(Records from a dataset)
┄┄┄┄┄┄

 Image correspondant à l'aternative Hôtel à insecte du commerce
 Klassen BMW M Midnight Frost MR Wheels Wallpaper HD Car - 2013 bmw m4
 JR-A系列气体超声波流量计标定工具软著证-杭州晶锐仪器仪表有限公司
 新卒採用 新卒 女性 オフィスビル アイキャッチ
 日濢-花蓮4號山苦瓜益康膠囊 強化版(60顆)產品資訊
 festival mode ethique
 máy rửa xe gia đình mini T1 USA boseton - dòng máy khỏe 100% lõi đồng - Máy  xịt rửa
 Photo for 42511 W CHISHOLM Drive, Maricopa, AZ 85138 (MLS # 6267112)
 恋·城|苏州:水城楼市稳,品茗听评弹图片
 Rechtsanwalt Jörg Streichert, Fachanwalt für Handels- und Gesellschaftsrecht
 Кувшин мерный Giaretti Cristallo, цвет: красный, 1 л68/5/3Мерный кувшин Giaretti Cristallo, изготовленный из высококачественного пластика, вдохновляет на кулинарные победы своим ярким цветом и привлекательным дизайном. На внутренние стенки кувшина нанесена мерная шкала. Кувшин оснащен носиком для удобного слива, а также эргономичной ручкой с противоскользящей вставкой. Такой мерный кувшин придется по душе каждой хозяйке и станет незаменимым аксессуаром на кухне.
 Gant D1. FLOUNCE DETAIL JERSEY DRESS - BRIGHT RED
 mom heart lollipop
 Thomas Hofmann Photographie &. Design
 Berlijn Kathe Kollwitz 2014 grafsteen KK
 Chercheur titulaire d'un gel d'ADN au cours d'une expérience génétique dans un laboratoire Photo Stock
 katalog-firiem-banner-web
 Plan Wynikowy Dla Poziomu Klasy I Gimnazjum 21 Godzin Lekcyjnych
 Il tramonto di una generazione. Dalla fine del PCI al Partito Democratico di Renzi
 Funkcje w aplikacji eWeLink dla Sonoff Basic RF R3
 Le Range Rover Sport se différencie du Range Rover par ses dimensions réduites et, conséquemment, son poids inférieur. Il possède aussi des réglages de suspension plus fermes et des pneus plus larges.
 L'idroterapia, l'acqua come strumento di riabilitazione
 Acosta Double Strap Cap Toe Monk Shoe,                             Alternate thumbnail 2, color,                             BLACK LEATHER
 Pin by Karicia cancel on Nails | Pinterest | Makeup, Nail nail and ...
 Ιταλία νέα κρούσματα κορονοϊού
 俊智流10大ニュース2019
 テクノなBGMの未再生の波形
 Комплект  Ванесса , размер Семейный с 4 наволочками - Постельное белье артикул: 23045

┄┄┄┄┄┄

From the data above, output exactly the lines between the one containing "Thomas Hofmann Photographie &. Design" and the one containing "Funkcje w aplikacji", counting both of them.

**Solution for this task**
 Thomas Hofmann Photographie &. Design
 Berlijn Kathe Kollwitz 2014 grafsteen KK
 Chercheur titulaire d'un gel d'ADN au cours d'une expérience génétique dans un laboratoire Photo Stock
 katalog-firiem-banner-web
 Plan Wynikowy Dla Poziomu Klasy I Gimnazjum 21 Godzin Lekcyjnych
 Il tramonto di una generazione. Dalla fine del PCI al Partito Democratico di Renzi
 Funkcje w aplikacji eWeLink dla Sonoff Basic RF R3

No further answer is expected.